Androgen-deprivation therapy (ADT), a common treatment for advanced prostate cancer, can lead to severe bone loss in some men. But experts now say that better risk assessment and early intervention with drugs or lifestyle changes can alleviate the problem.
The conclusions emerged from a meeting, convened in 2001 by Dr. Tia Higano, a medical oncologist at the University of Washington and the Seattle Cancer Care Alliance, to assess treatments for bone loss in men. Higano and colleagues reported this information, including guidelines to improve diagnosis and therapy, in the March 1 issue of Cancer.
The paper is based on an extensive review of published scientific articles about the diagnosis and medical care of men suffering from osteoporosis, the medical term for decreased bone mass, and related conditions. Based on their survey, the authors of the study, led by Dr. Terrance Diamond of the University of South Wales in Sydney, Australia, devised a risk-assessment tool to help doctors determine which prostate-cancer patients would benefit most from therapy to minimize bone loss.
Higano said that a primary motivation for the study was to raise awareness of the problem, which many believe is common among men who receive ADT. The therapy works by interfering with the male hormones that spur the growth of prostate tumors and is often prescribed for men whose cancer has spread beyond the prostate.
ADT and 'male menopause'
Although ADT can reduce tumor growth and improve survival, doctors have been increasingly concerned about the negative effects the drugs can have on the skeleton. While reducing stimulation of prostate-tumor cells, ADT also results in "male menopause," causing changes to bone-remodeling cells. The problem can be especially severe in older men, who are already at risk for osteoporosis or may have the condition even before they are diagnosed with cancer. Bone loss can lead to fractures and associated complications.
"We don't know how widespread this problem is, because no large prospective studies have addressed it," Higano said. "But based on our own prospective data reported at the 1999 American Society of Clinical Oncology and subsequent studies, between 10 percent and 40 percent of men already have low bone mineral density even before they start androgen-deprivation therapy."
Drugs known as bisphosphonates, which strengthen bones and alleviate pain, are commonly prescribed for those with osteoporosis or cancer patients whose disease has spread to the bone. Higano said that preventive measures will likely slow bone loss and recommends counseling about behaviors that can minimize osteoporosis, such as maintaining adequate calcium and vitamin D intake and engaging in both aerobic and resistance or strength-building exercises.

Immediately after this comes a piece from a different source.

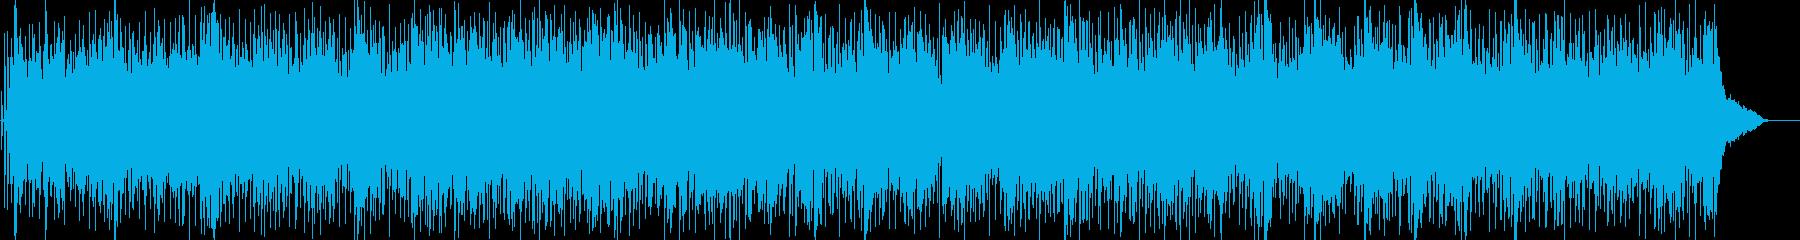 爽やかなアコギによる希望に満ちたBGMの再生済みの波形
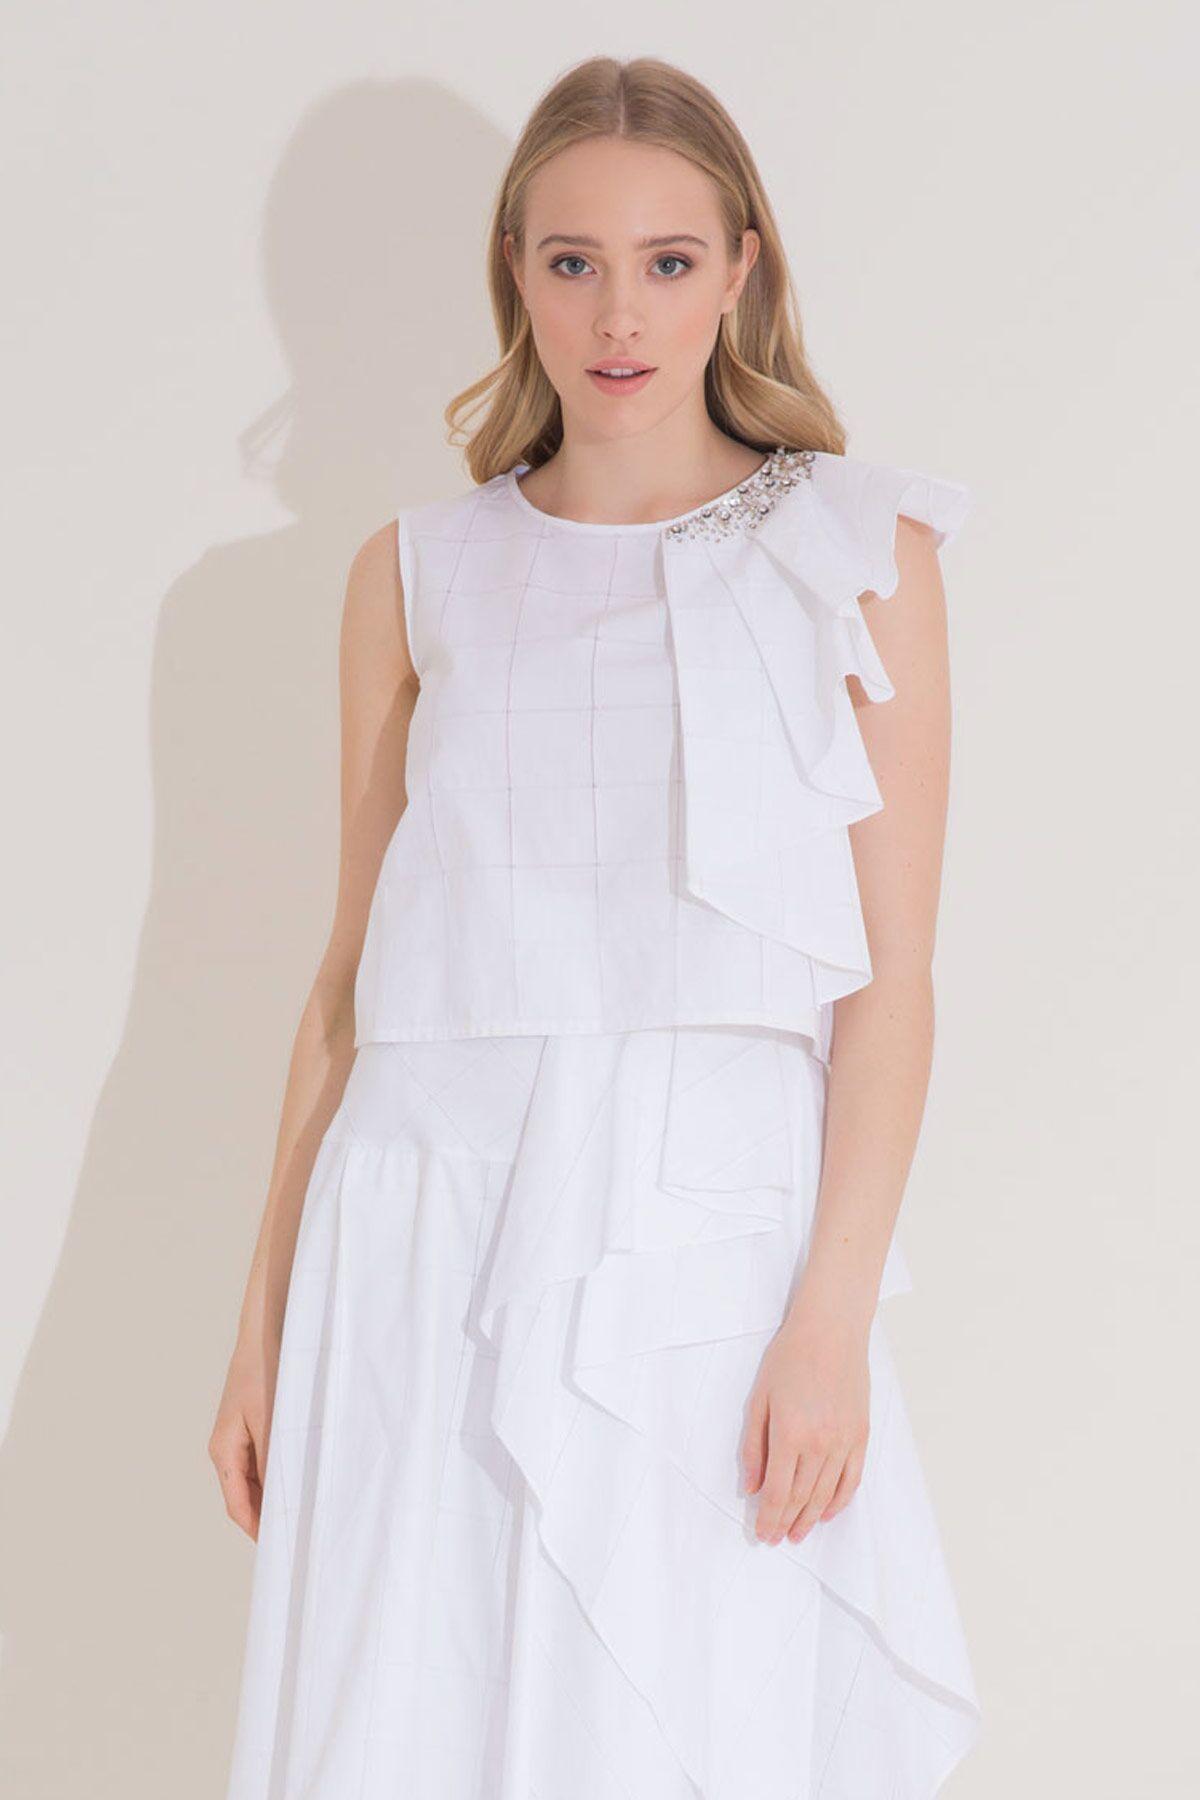 Fırfır Detaylı İşlemeli Beyaz Poplin Bluz

Systematic diagnosis, treatment
"We're hoping that these guidelines will offer a systematic approach for diagnosing and treating the problem," she said. "Rather than immediately prescribing prophylactic bisphosponates for all patients on ADT, doctors can use the risk-assessment algorithm to evaluate baseline and follow-up bone-mineral density results and to intervene when appropriate with bisphosphonate therapy."
For example, a man who has low body weight and is of slight build is of greater risk for osteoporosis than a heavier stocky man of the same age. Skeletal integrity can be measured with bone-mineral density scans, a technique that uses low-dose X-rays to examine bone density in critical areas, such as the hip or spine. Higano has recently purchased a DEXA (dual energy X-ray absorptiometry) scanner, an instrument that provides rapid and accurate bone-density measurements. The instrument soon will enable Alliance physicians to conduct bone-density analyses for all cancer patients who are at risk of bone loss due to hormone or steroid use.
In the Cancer review, the authors found that men with prostate cancer treated with ADT have a substantial risk for significant bone loss. Bone-mineral density scans of the hip and spine show that men treated with ADT have 1.8 percent to 6.5 percent bone loss from the hip and 2 to 8 percent bone loss from the lumbar (mid-back) spine after only 9-12 months of therapy. This compares with the expected loss of 0.5 percent per year in men who are not receiving ADT. These losses continue over time but appear to slow with intermittent ADT, an approach that Higano has studied extensively.
Death and complications resulting from hip fractures are reported to be significantly higher in men than in women. While currently no randomized trials assessing the benefits of bisphosphonates in fracture prevention exist, studies have demonstrated the positive effects of these agents on bone mass in men treated with ADT. Now that more men without prostate cancer metastases are being treated with ADT and are expected to live for many years, it is even more crucial for bone mass to be monitored, Higano said.
She and her colleagues hope their analysis will be disseminated among the broad variety of doctors who treat prostate-cancer patients, including internists and urologists as well as medical oncologists.
"Many doctors are unsure about what to do with the information that is out there on the topic," Higano said. "We're hoping that this algorithm will change treatment in a logical way."